I suffered years of torment and self loathing along with the guilt and shame of being so different from my peers. There was just this overpowering need and desire to wear first plastic pants then diapers with them and later girl’s clothes too. I pored though ever book at the school library and found nothing to suggest that there were others out there with the same problems. I had no one to relate to or discuss it with but it would not die.


In 1970 I met my future wife and the first night told her all of it, she didn’t say anything about it or condemn me for it she just listened. I had no idea how she would feel about it but I had to be honest with her. I hoped I wasn’t going to lose her over it but it just wouldn’t have been right to keep it from her. She accepted me despite my frailties; we started living together and were married two years later.  Our marriage ended in 2007 with her accidental death and she was loyal to me to the end.


I took her on the road with me hitchhiking up the coast to Frisco and later all the way to the Portland; we crisscrossed the state several times in our first year together living, a bohemian lifestyle and getting to know each other. I feel lucky to have found someone who was so kind, loving and loyal to have spent my life with, I just wish now that I was as loyal to her as I should have been. After we were married in her home state of West Virginia, I joined the Army to do my part for my country and I was stationed in North Carolina in 1973.

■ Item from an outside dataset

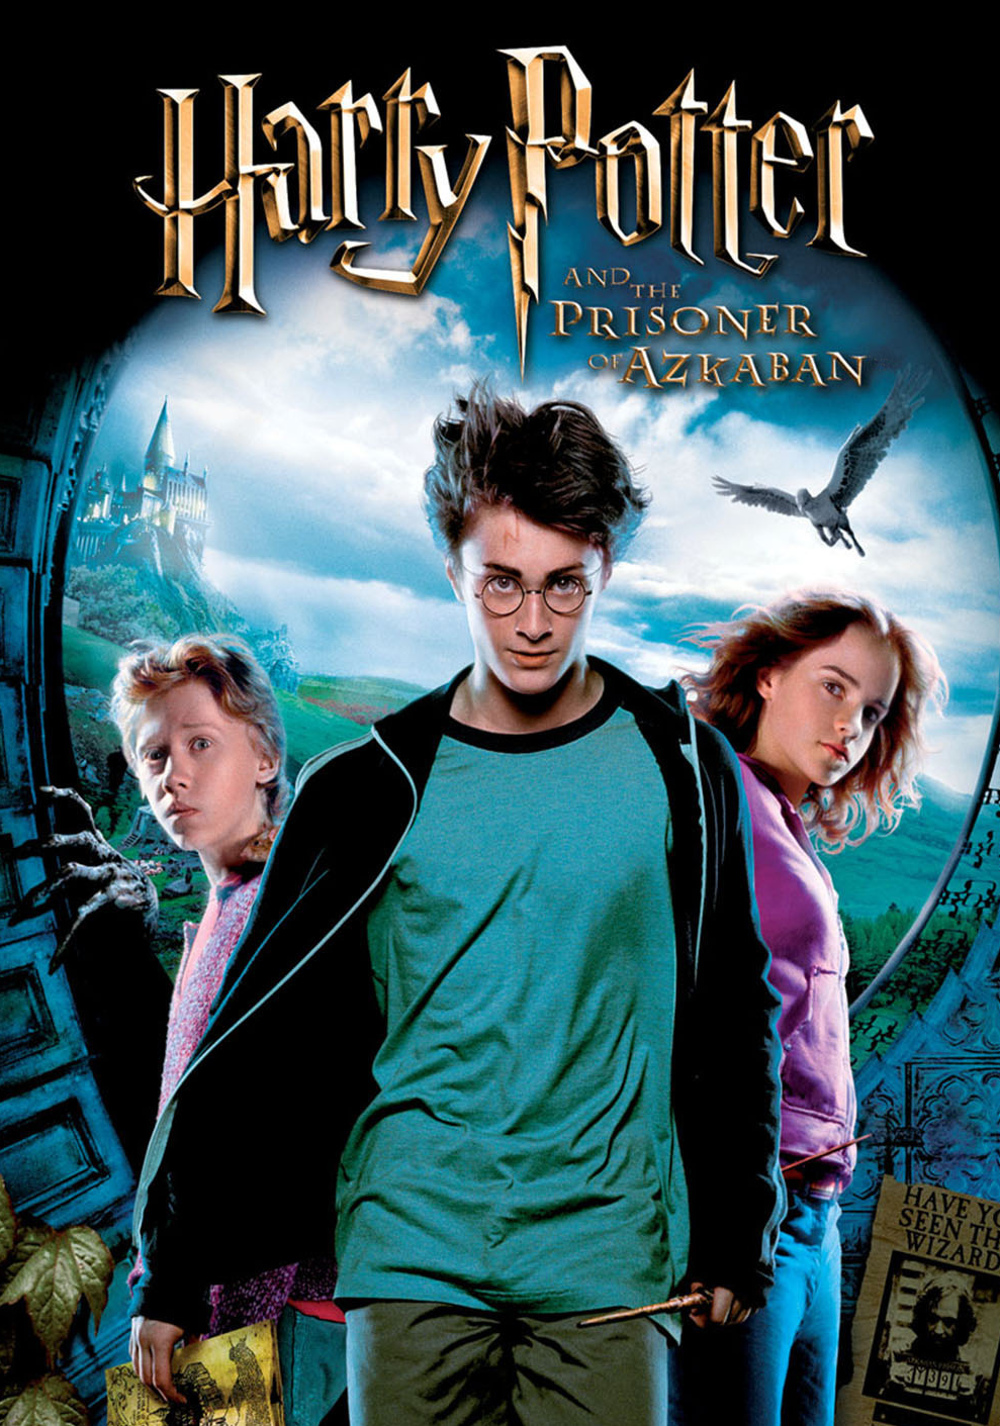 Harry Potter And The Prisoner Of Azkaban HD wallpapers, Desktop wallpaper - most viewed

I had been wearing diapers at night since we met whenever it was possible but I still felt alone with them. One night when out with two of my friends smoking weed and bar hopping one of them wanted to stop at an adult bookstore; so I pulled in and we perused the store, (my first visit to one). Imagine my confusion and shock after all this time to see a couple of magazines on the shelf with girls in diapers. One was called Rubber Life the other Rubber Nurse, sister publications; I felt weak at the knees yet excited, I wanted to dash over and snatch them off the shelves. But what would my friends think not to mention the rest of the base. I felt it would spread like wildfire if it got out. So I bid my time took them back to the barracks, slipped back out later where I returned and bought a copy of each magazine. 1974 was the year I discovered that there were others out there, this was the beginning of a new awareness and longing to talk and meet other people with a similar wants and needs.


A lot of vendors have made their presence felt and others have faded out for different reasons. In my humble opinion, there should be a place for those who have advanced the genre into the 21 century. There has been a lot of important contributors’ to the community which before they are forgotten needs to be immortalized I realize that their privacy must be not be compromised and that there is a lot I don’t know that needs to be included but a place needs to be created for this. Our history needs to be respected and remembered! I would volunteer to write it up, but I would rather not do it alone, after all No man is an Island.